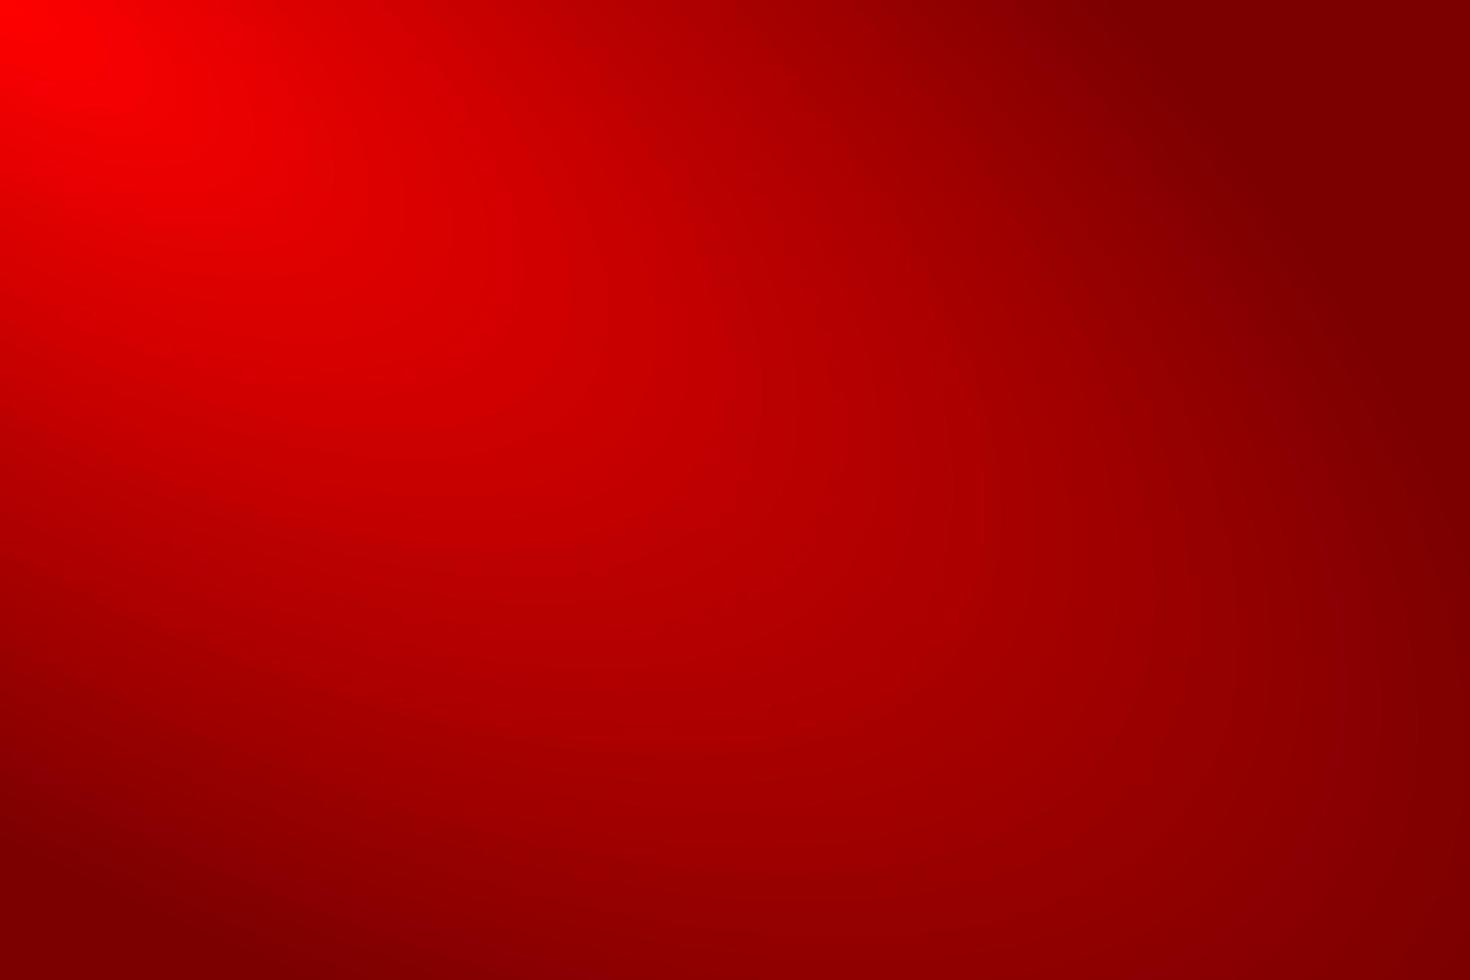 rote Hintergrundfarbe für Papierleinwand oder Karton vektor
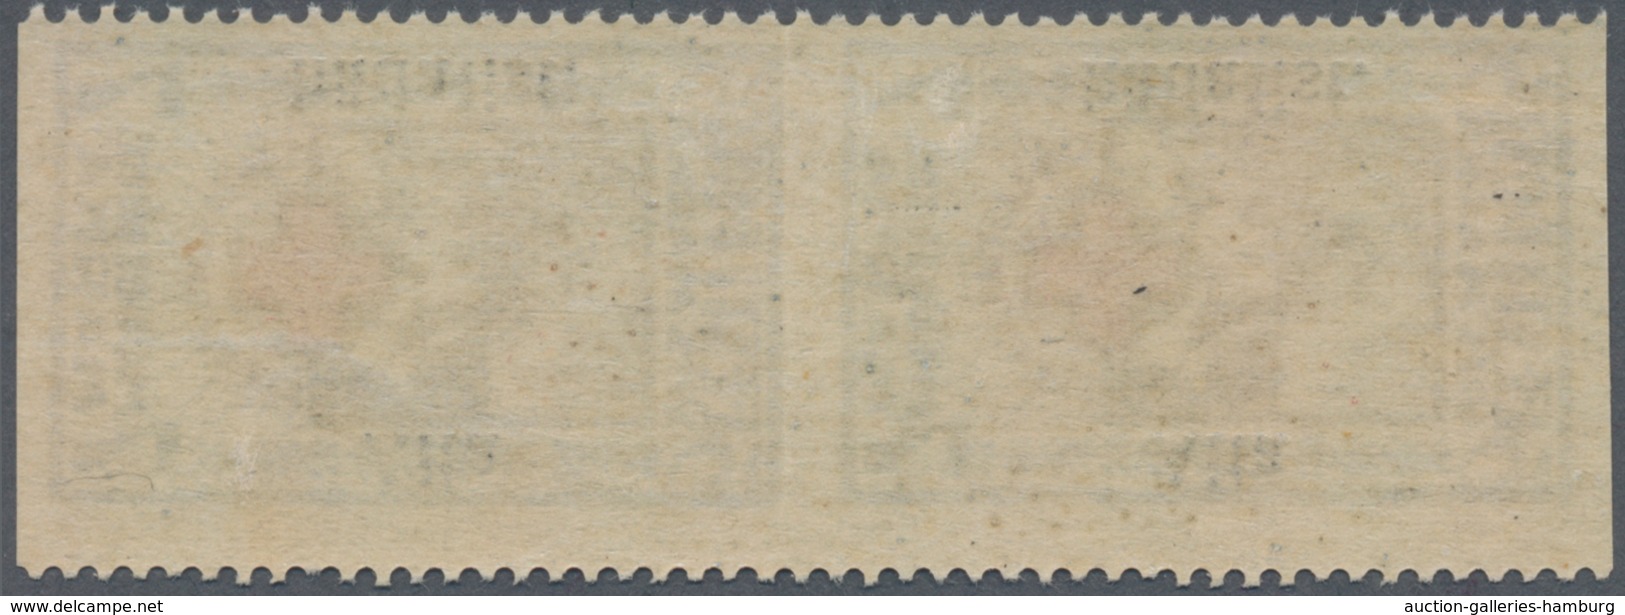 Estland: 1923, Aita Haedalist 5 St, In Vertical Pair "horizontal Imperforated", Unused With Fold Res - Estonia
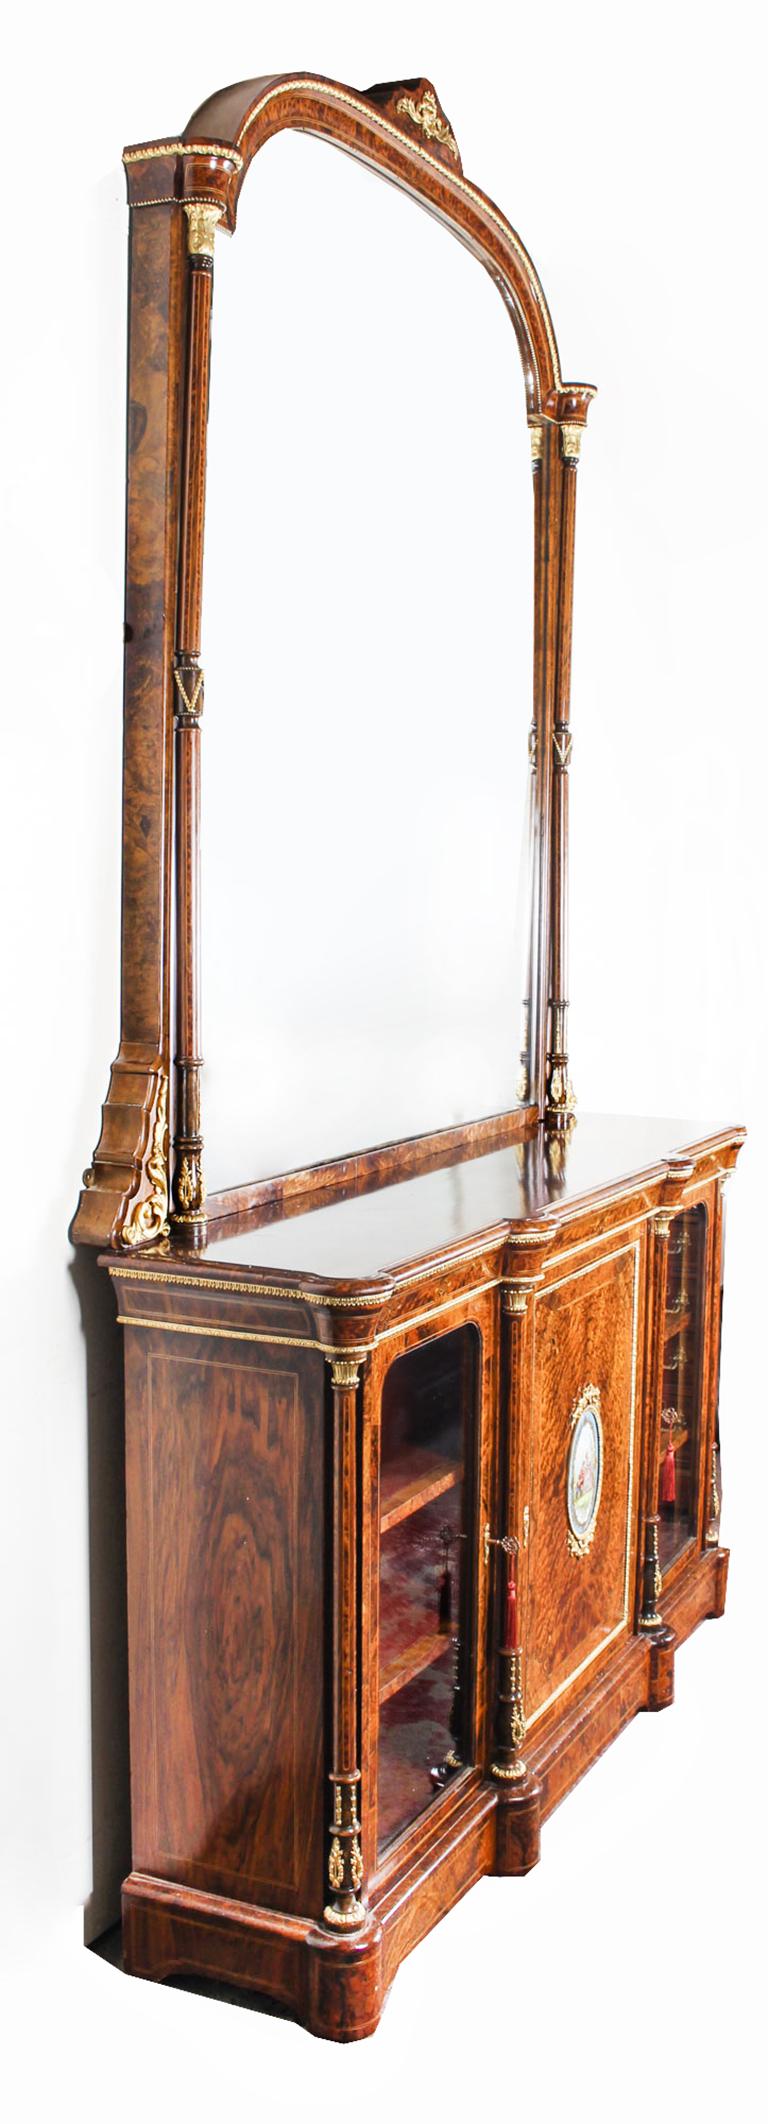 Dies ist eine monumentale feine und seltene antike viktorianische Wurzelnuss und Amboina, Sevres-Porzellan und Ormolu-mounted breakfront Spiegel zurück Kredenz, um 1860 in Datum.
 
Die gut gemaserte Platte aus Wurzelnuss mit perfekt abgestimmten
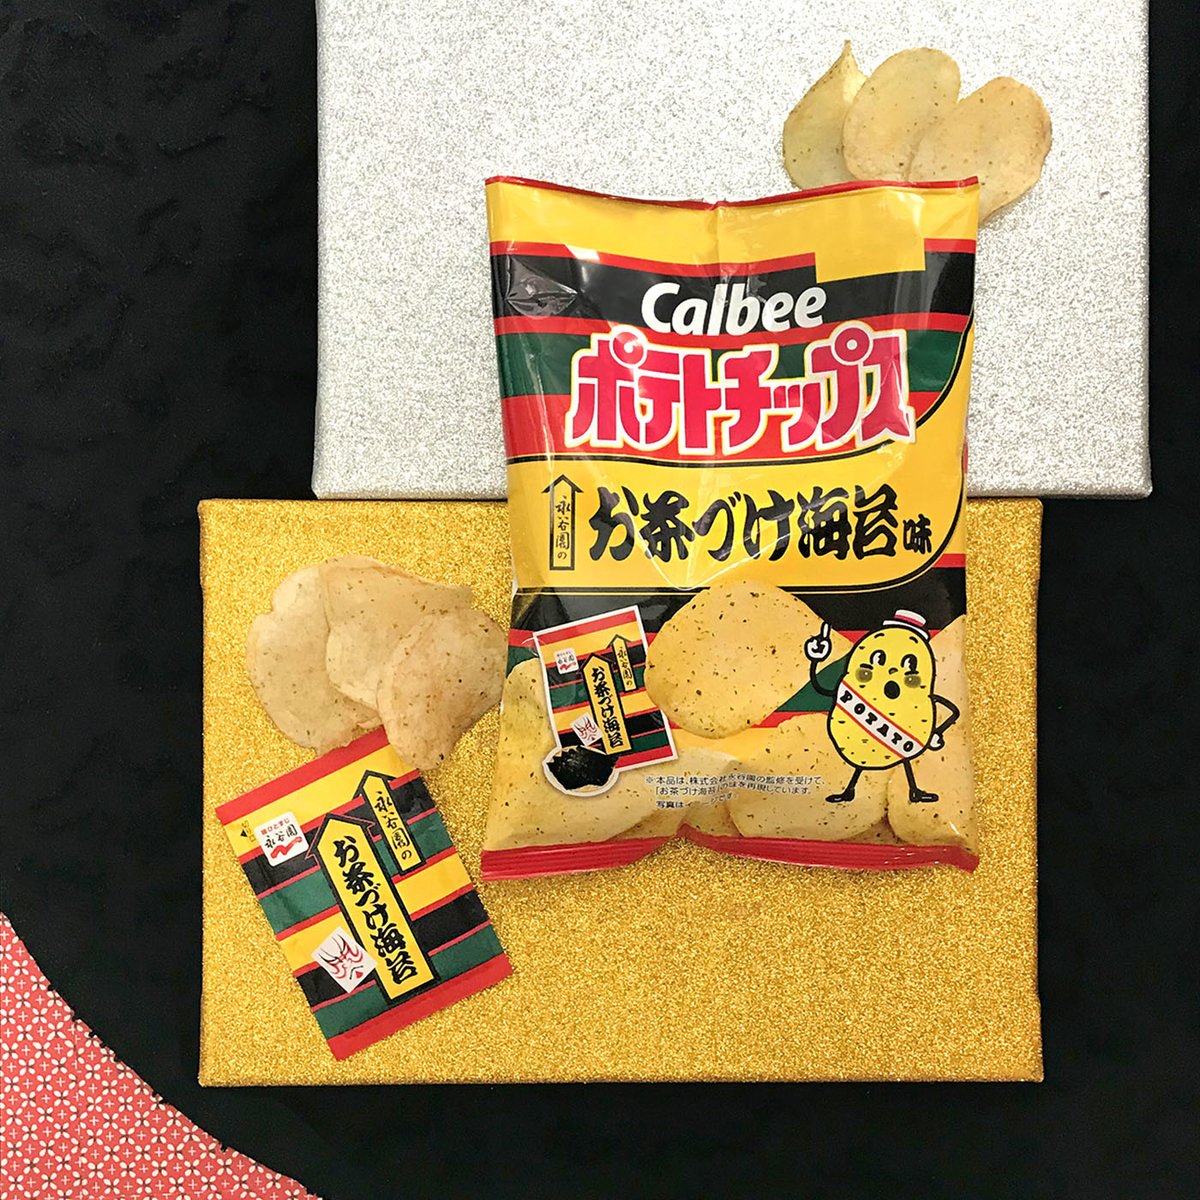 じゃがりこ 和菓子も 外国人が選んだ日本の美味しい コンビニお菓子 はどれ ページ 2 5 Trip Editor

● Activity:
Repeat word for word, leaving out the pictures, each line of the records from the line that holds "Dies ist eine" through the final one.

● Solution:
 Dies ist eine monumentale feine und seltene antike viktorianische Wurzelnuss und Amboina, Sevres-Porzellan und Ormolu-mounted breakfront Spiegel zurück Kredenz, um 1860 in Datum.
 
Die gut gemaserte Platte aus Wurzelnuss mit perfekt abgestimmten
 じゃがりこ 和菓子も 外国人が選んだ日本の美味しい コンビニお菓子 はどれ ページ 2 5 Trip Editor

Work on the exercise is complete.